Creating Shared Value for Our Stakeholders
Many participants asked me what CSV means to NWNA. @JohnFriedman summed up the concept well:
“When biz advances society, restores environment & is profitable we all benefit.”
In other words, CSV is fostering the triple bottom line of social, financial and environmental sustainability.
“How does bottled water Create Shared Value?” was another repeated theme throughout the chat and an issue recently explored by Raz Godelnik in a follow-up Triple Pundit blog post. Yes, bottled water is a healthier alternative to sugar beverages and offers clean water in times of crisis, but that’s not all that we mean by Creating Shared Value. For my team, Creating Shared Value is an approach that focuses resources at the most significant intersections between the company and society.

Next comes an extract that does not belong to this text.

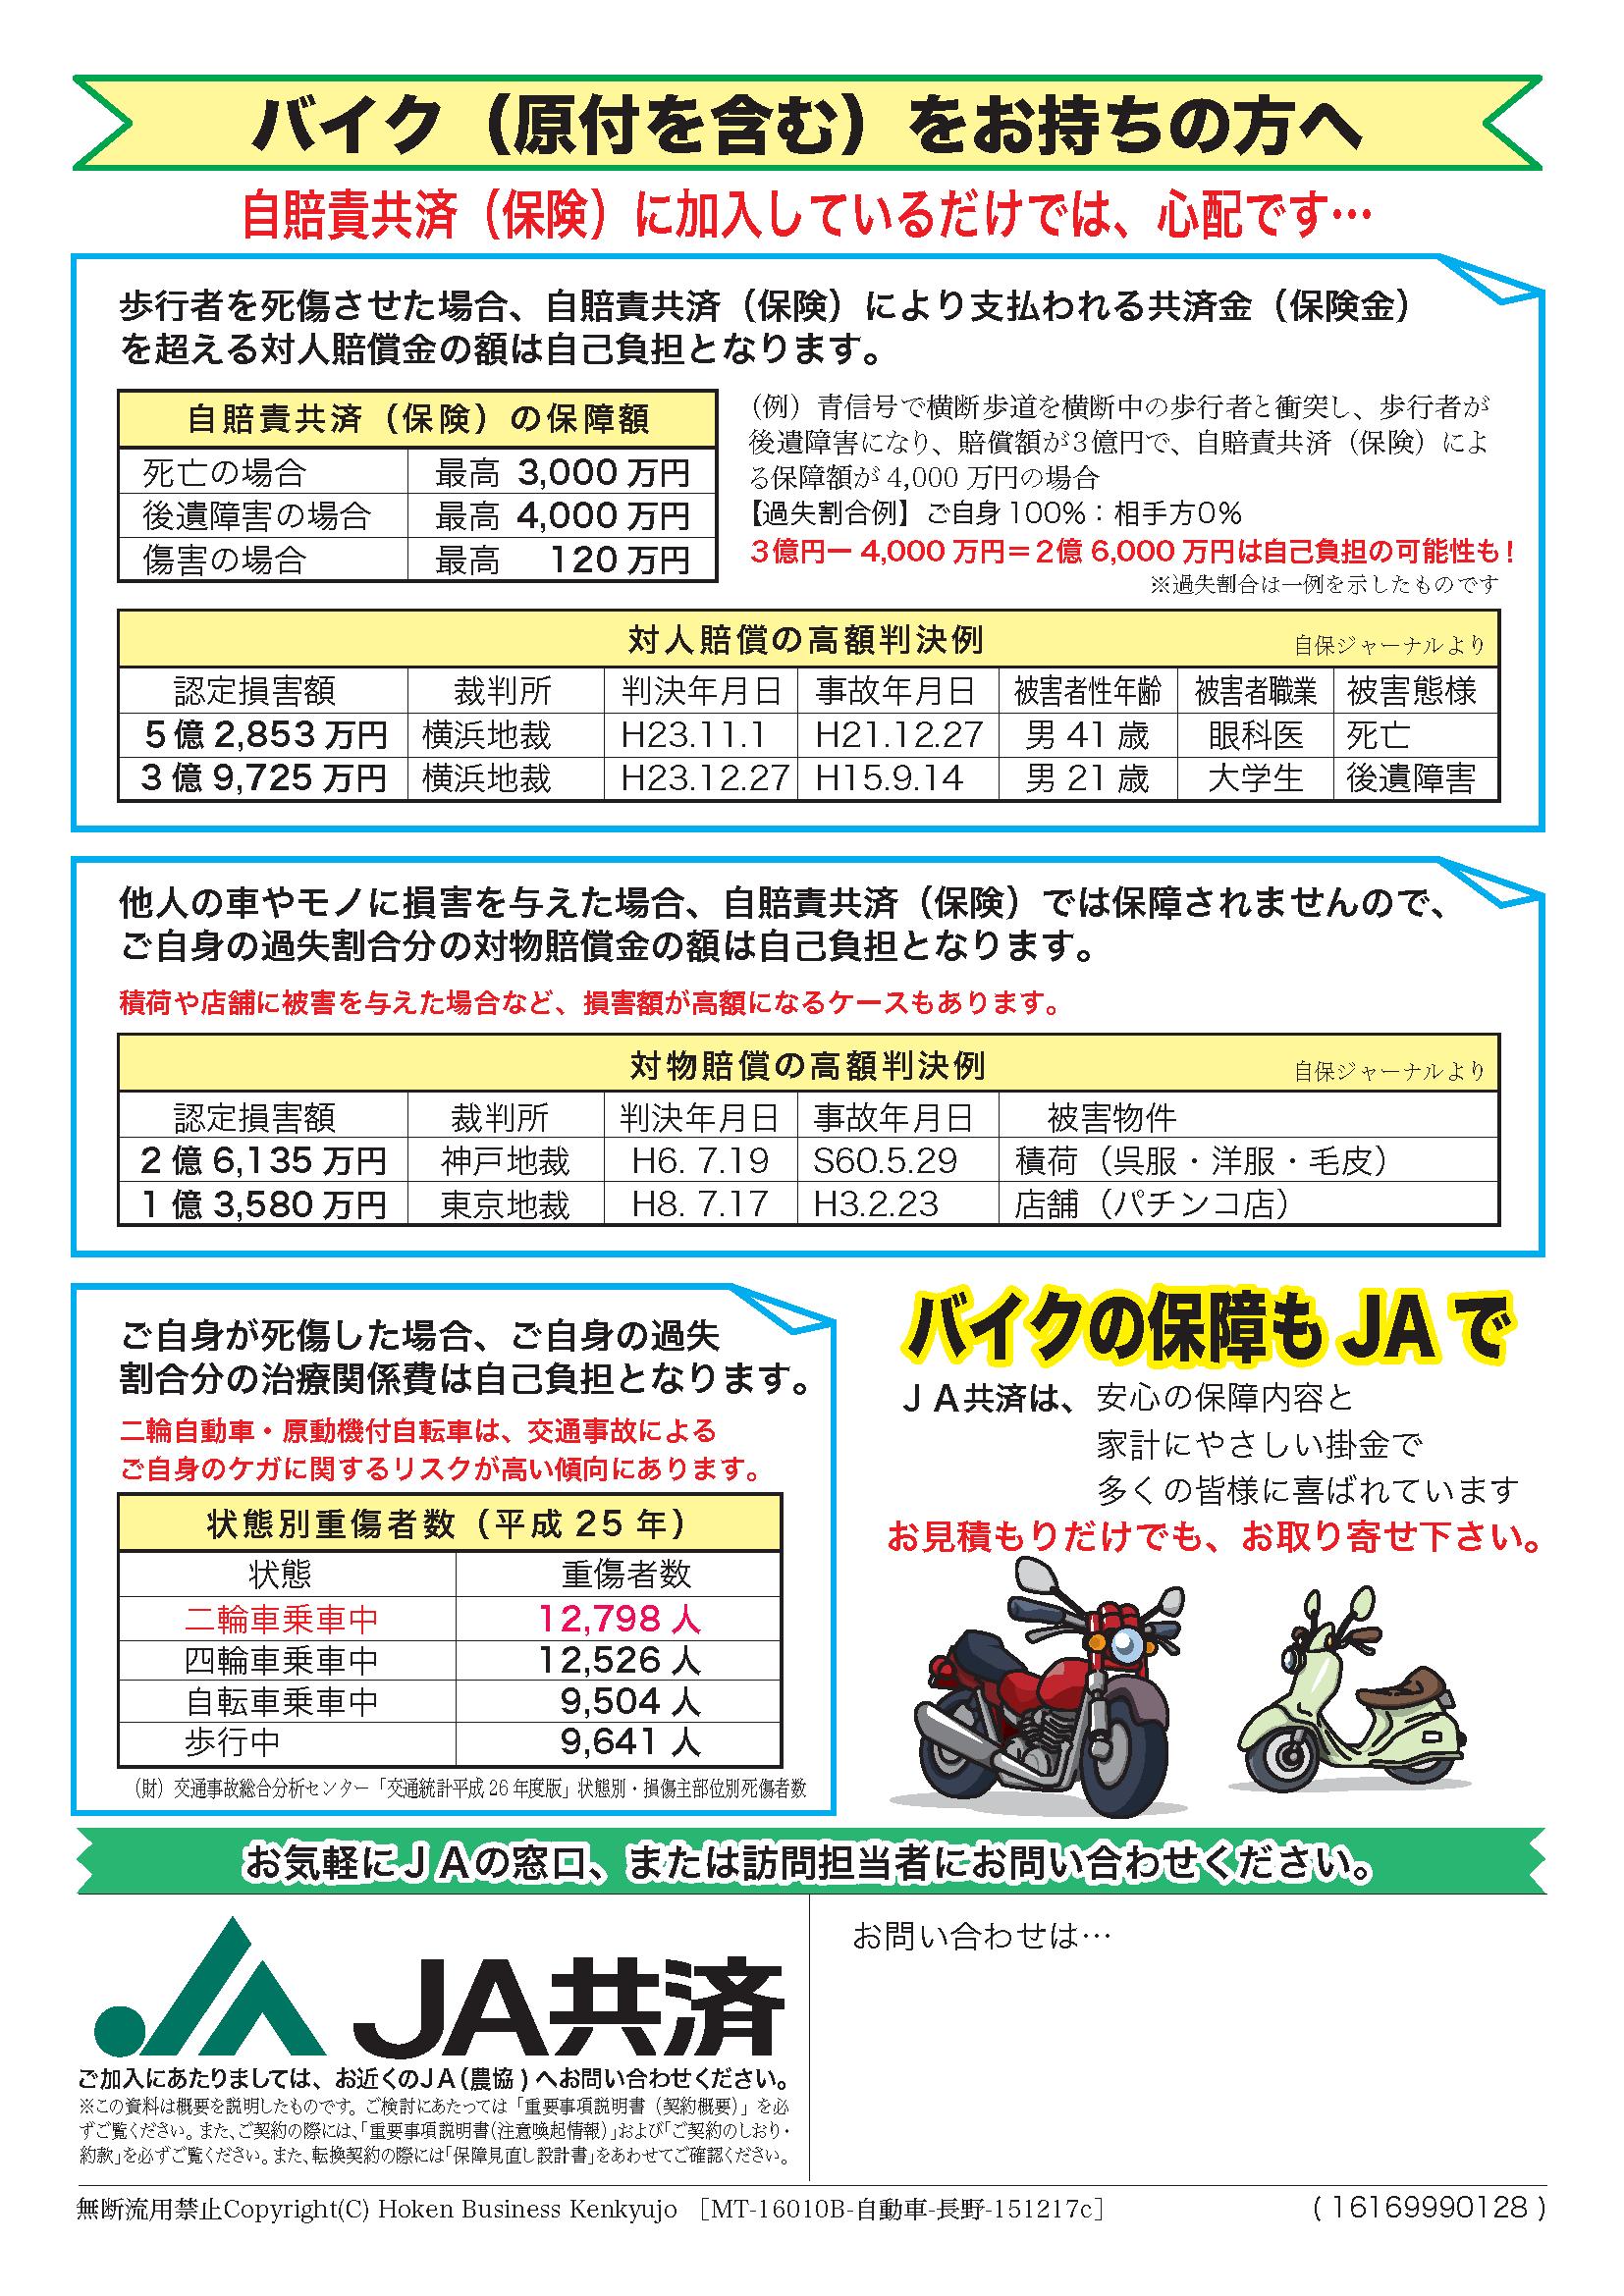 MT-16010-自動車_ページ_2.png

So who are we sharing value with? And do we have a stakeholder list, asked @3blnow.
Our stakeholders include consumers, employees, shareholders, non-governmental organizations (NGOs), the socially responsible investing (SRI) community (which promotes sustainable business in the corporate realm) and the local communities where we operate. With some of them, we engage directly through dialogue while others we partner with on the creating shared value initiatives.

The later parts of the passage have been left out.